» RECORDS PROVIDED:
-- Opening Marker --

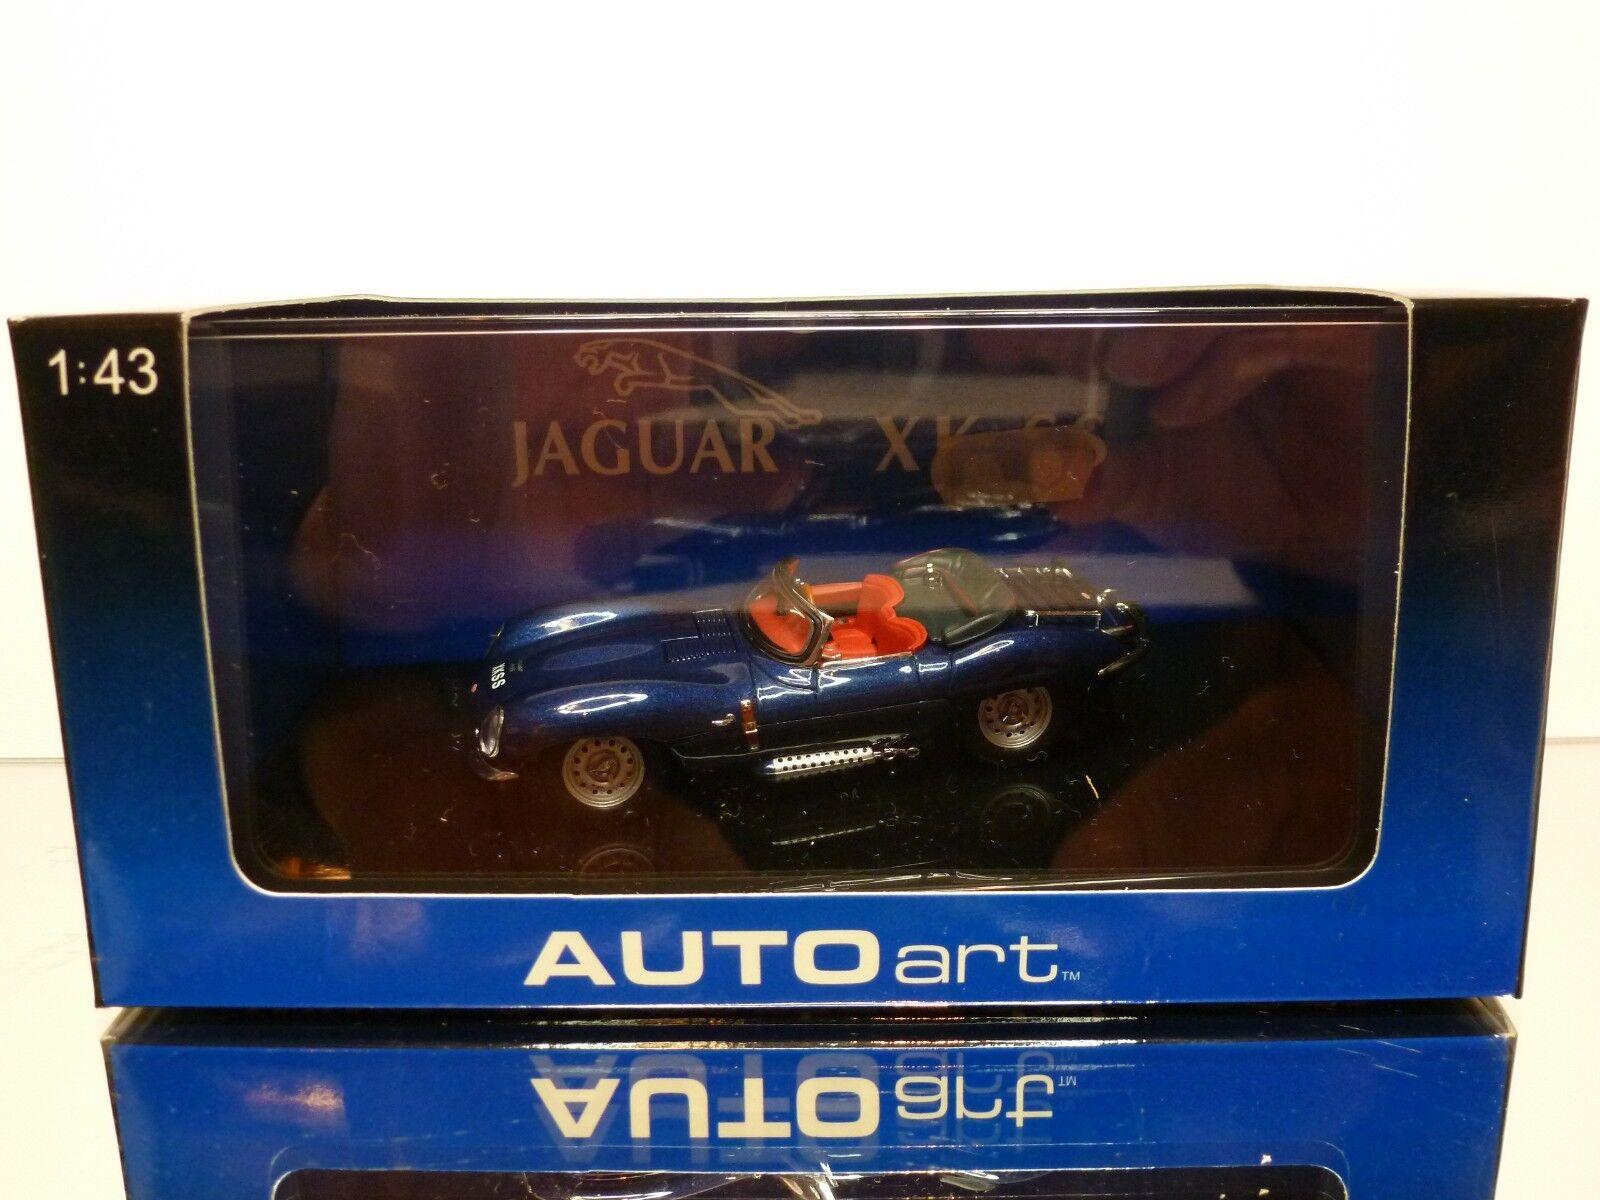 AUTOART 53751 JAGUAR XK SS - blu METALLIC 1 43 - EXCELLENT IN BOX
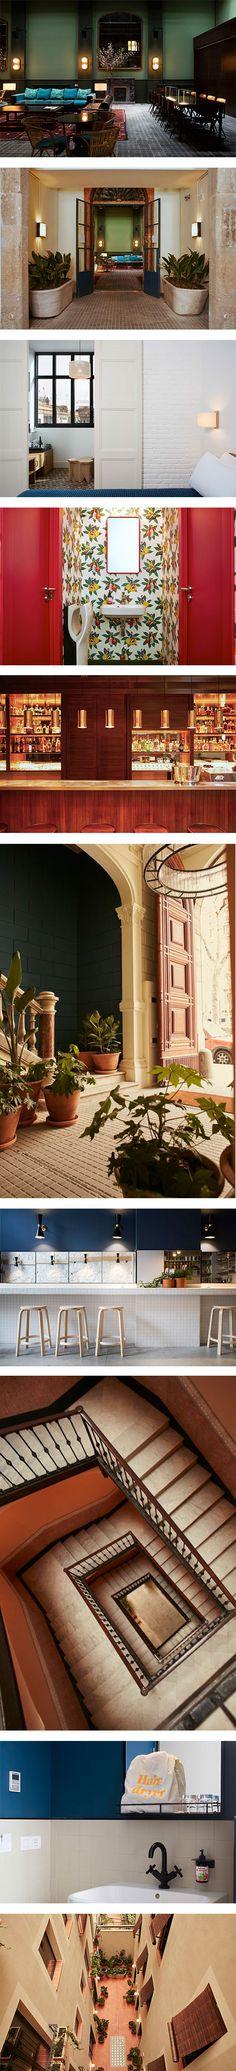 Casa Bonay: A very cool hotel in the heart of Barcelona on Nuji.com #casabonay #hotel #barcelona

-- Closing Marker --
-- Opening Marker --

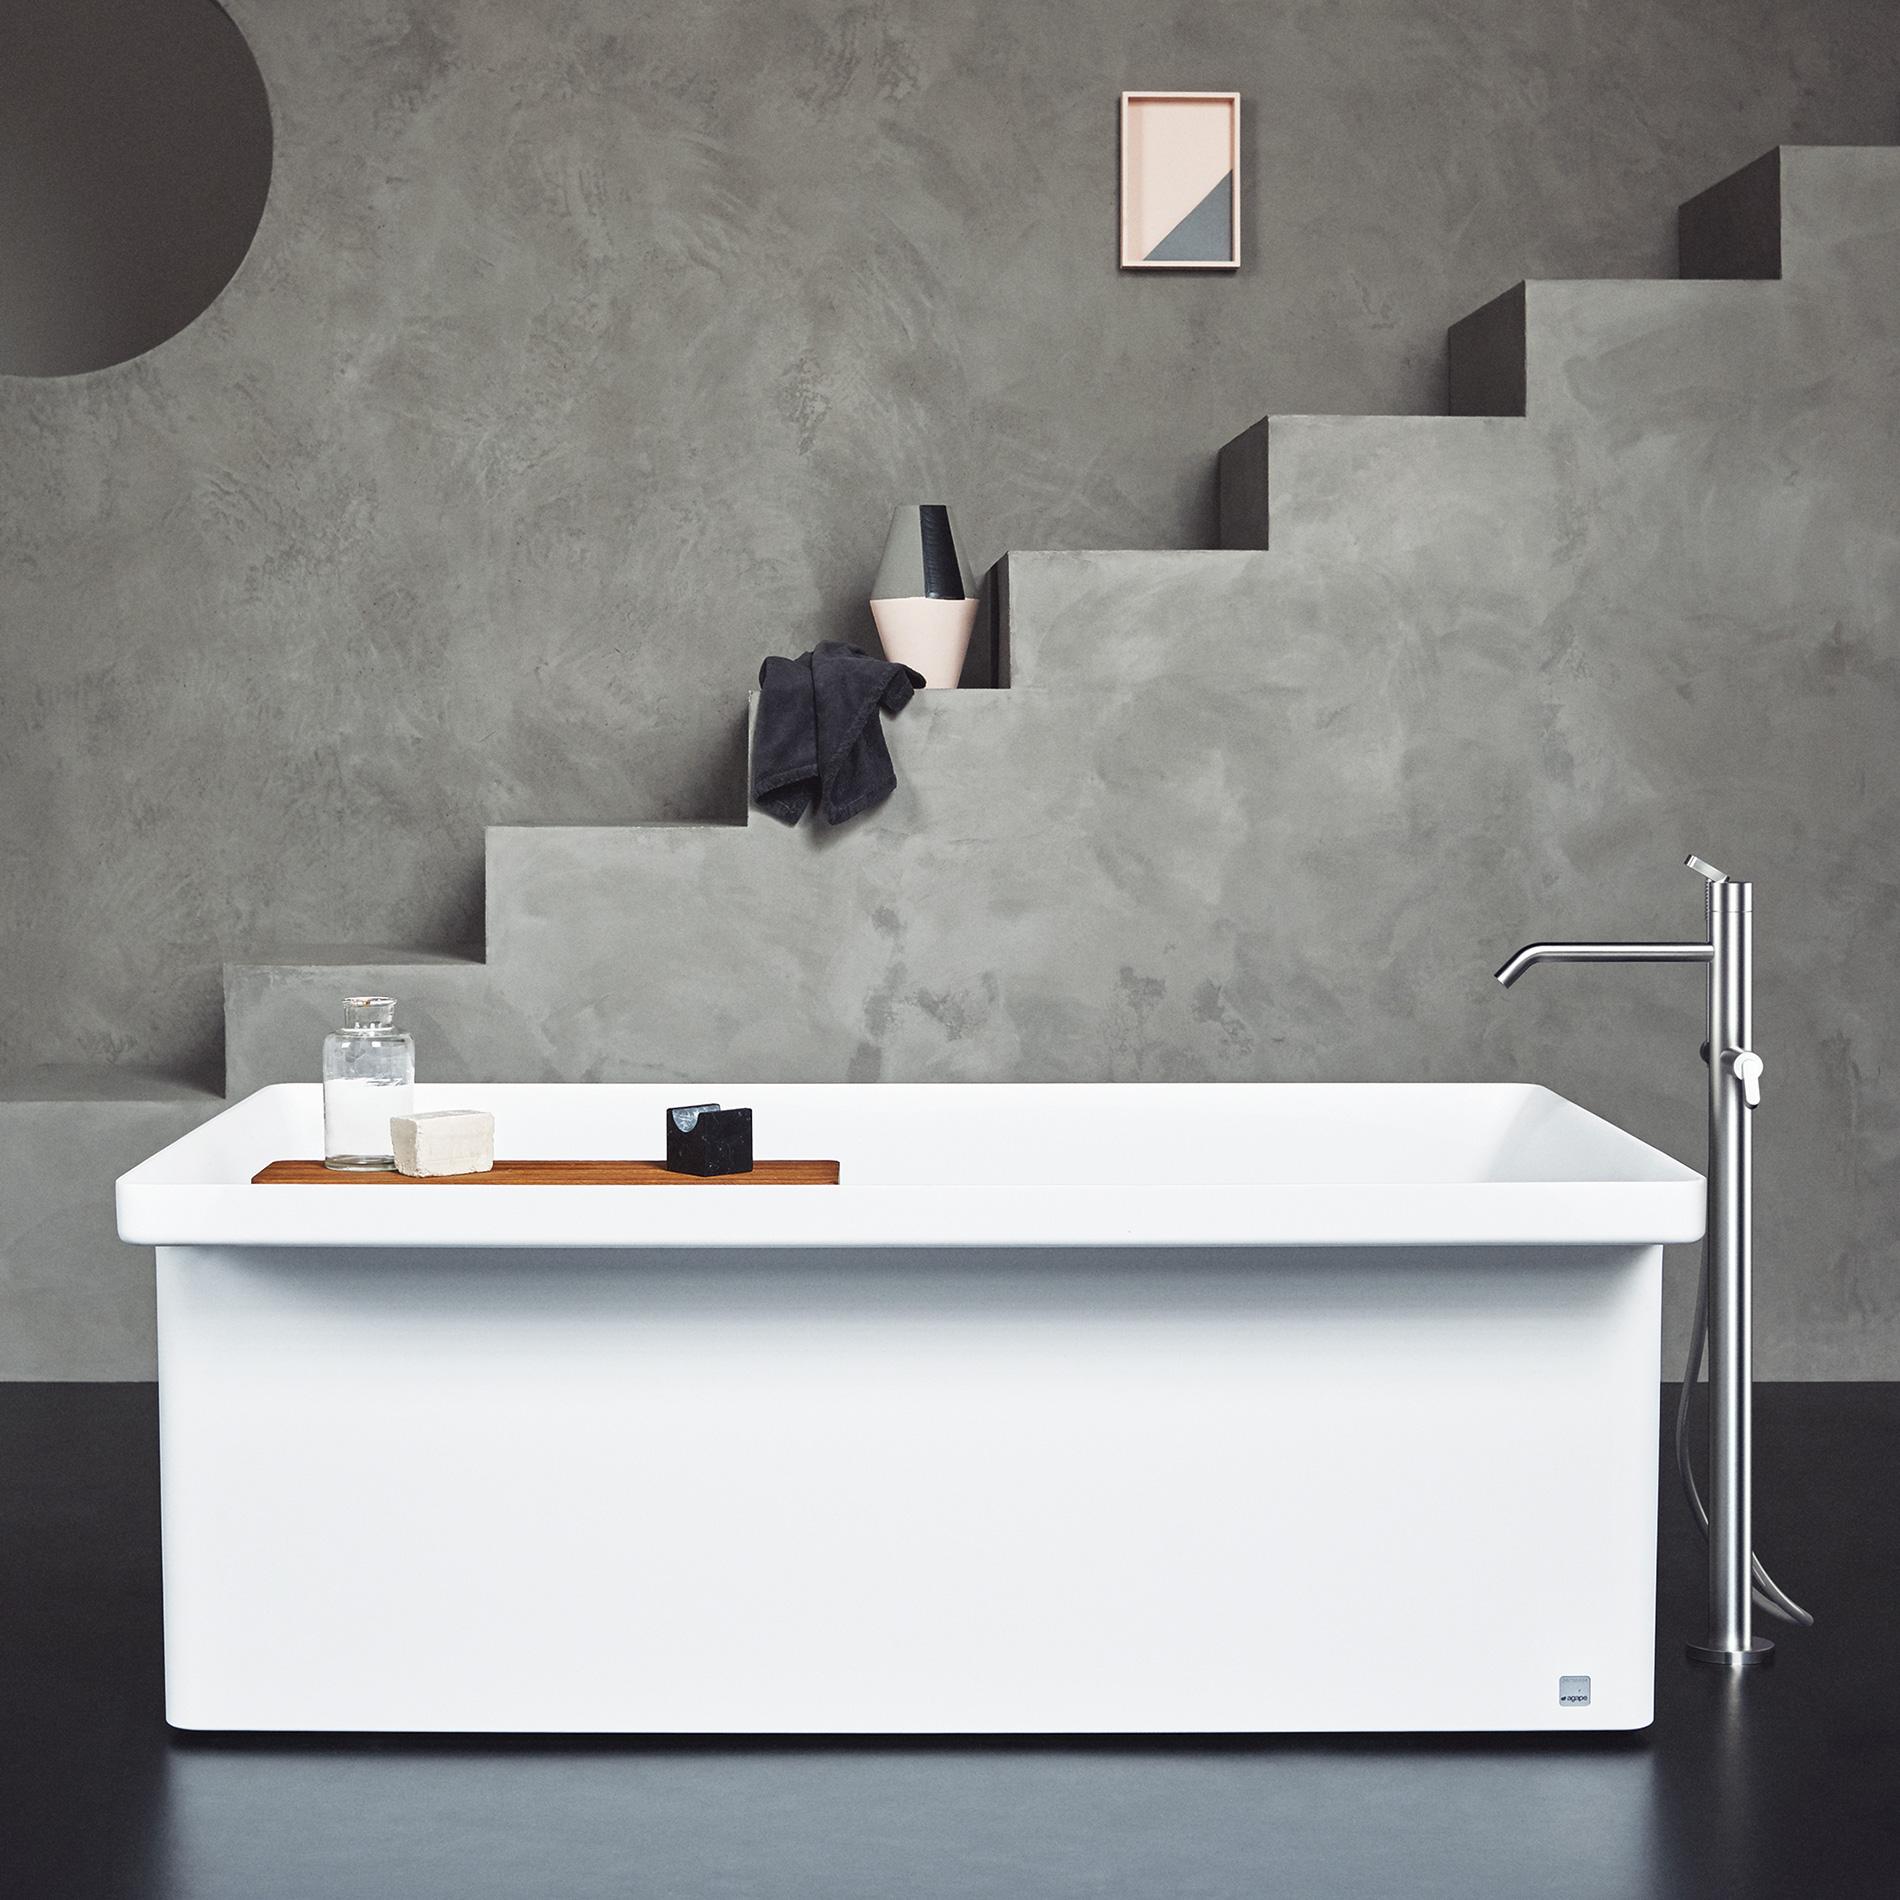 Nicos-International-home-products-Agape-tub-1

-- Closing Marker --
-- Opening Marker --

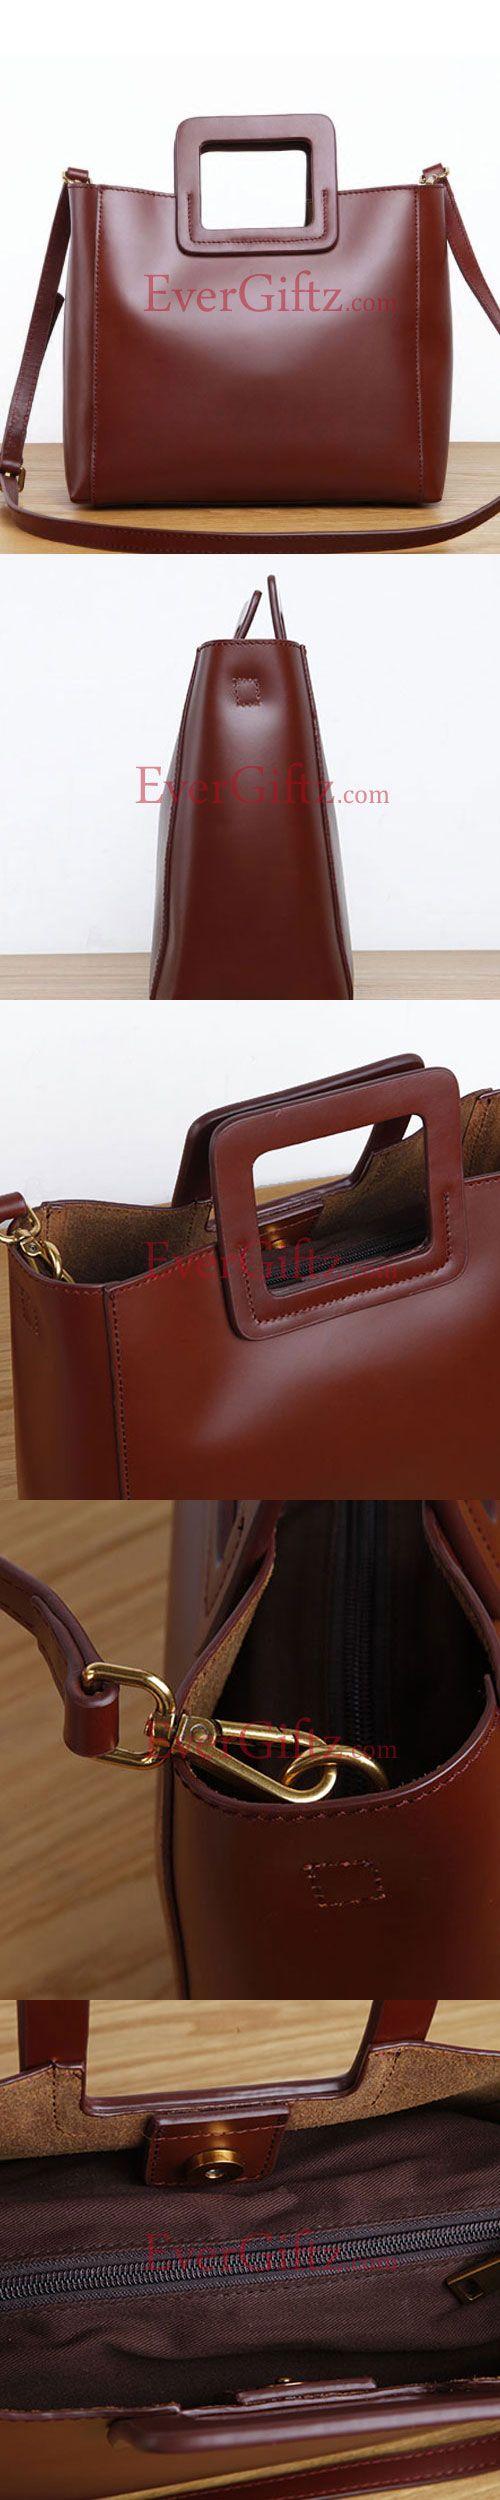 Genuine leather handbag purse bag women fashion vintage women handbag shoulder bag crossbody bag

-- Closing Marker --

» WHAT YOU HAVE TO DO: Could you transcribe exactly the entries above, but only the lines from the one with "AUTOART 53751 JAGUAR" through the one with "Casa Bonay: A", and without pictures?

» RESPONSE:
 AUTOART 53751 JAGUAR XK SS - blu METALLIC 1 43 - EXCELLENT IN BOX
 Casa Bonay: A very cool hotel in the heart of Barcelona on Nuji.com #casabonay #hotel #barcelona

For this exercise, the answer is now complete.